Herbicides are grouped in Canada and the United States according to their mode of action. Continuous use of herbicides from only one group increases the risk of creating weeds that are resistant to that group.
Jenks used kochia as an example. In a field with kochia, less than one percent of the weeds may be resistant to a herbicide. But if the same herbicide group is applied to the field for several years, the resistant kochia will spread.
“It just keeps getting bigger and bigger and all of a sudden you go out and spray and you don’t get any control.”
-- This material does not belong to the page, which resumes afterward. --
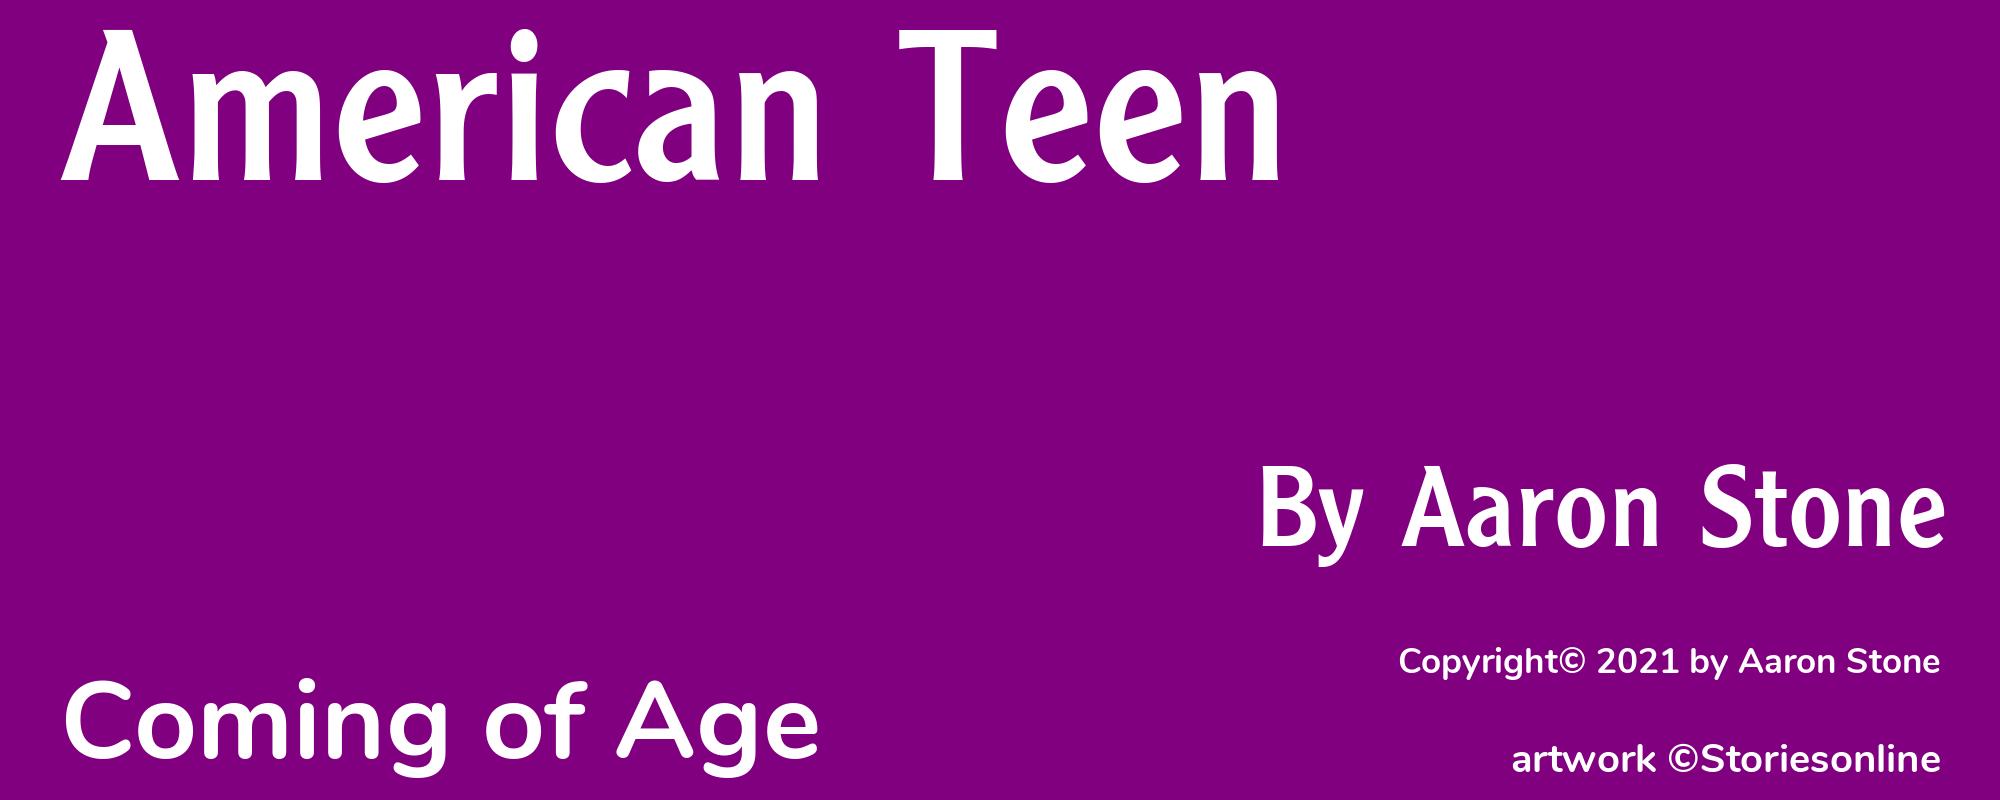 American Teen - Cover

Jenks offered a list of documented resistant species in North Dakota. Those included: kochia resistant to ALS herbicides; kochia resistant to 2,4-D and Banvel/SGF/Clarity; green foxtail resistant to DNA herbicides such as trifluralin; wild oats resistant to ACCase inhibitor herbicides; and wild oat resistant to ALS herbicides such as Assert.
Resistance is also well-documented in Canada. Jenks said resistant weed species include green foxtail, wild oats, chickweed, hemp-nettle, kochia and wild mustard. Wild oat and green foxtail resistance were most common in the ACCase inhibitor herbicides.
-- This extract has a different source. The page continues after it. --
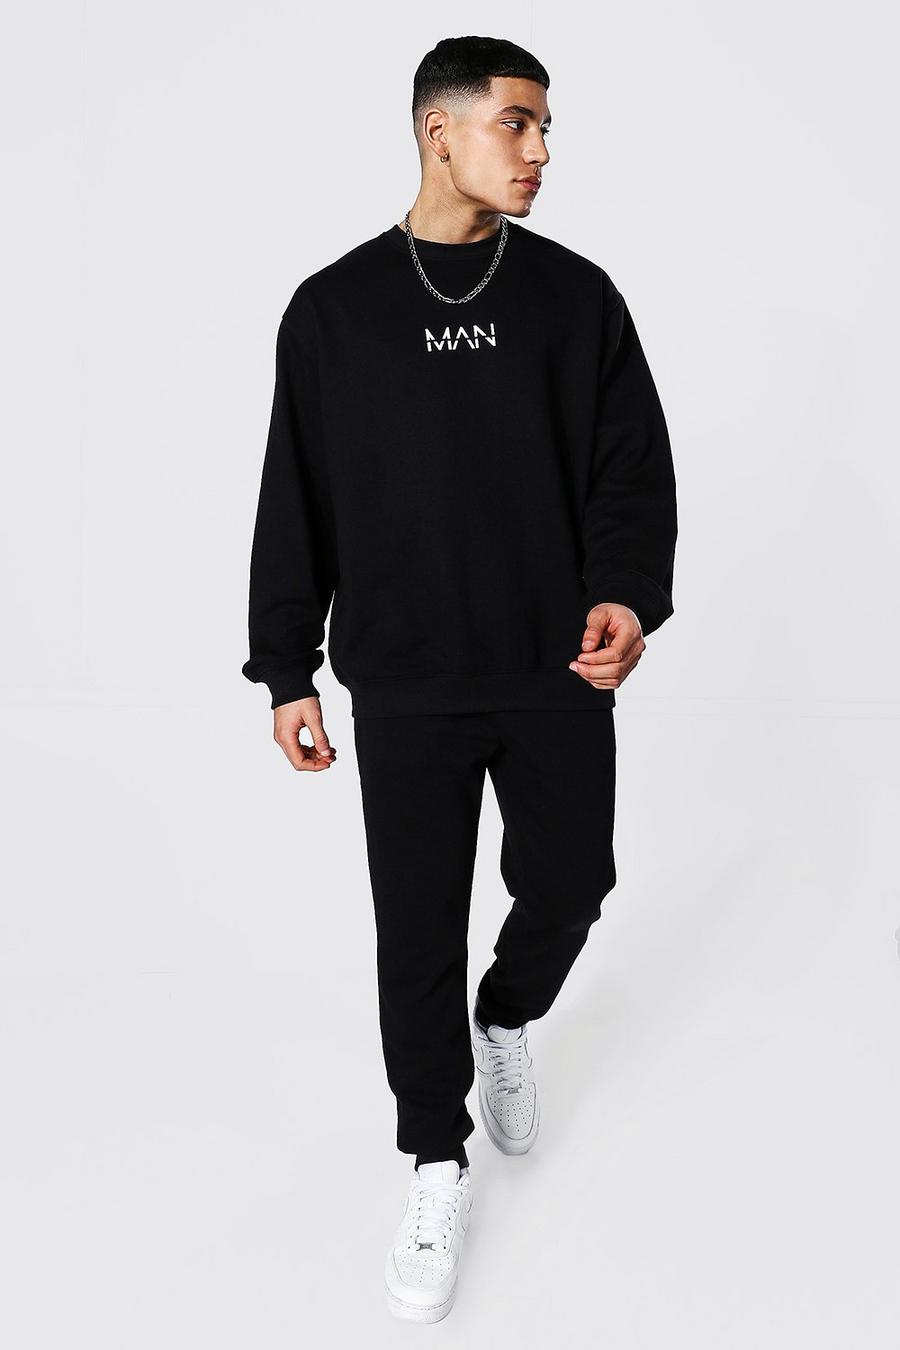 Black Oversized Original Man Sweater Tracksuit image number 1

Besides watching the herbicides, Jenks recommends careful crop rotations and timing of herbicide applications. While a species of weed may flourish in one type of crop, it may not compete as well in another.
Pigweed, for example, likes warm conditions. To better contend with that weed, producers may choose a crop that can be seeded early, giving it a head start over pigweed.
“If you can get the crop up and above the weeds, the crop will help give you some control over the competition.”
For wild oats, one option is to grow sunflowers, which tend to get seeded later in the spring. Wild oats can then be handled with tillage or a burn-down herbicide once they have emerged.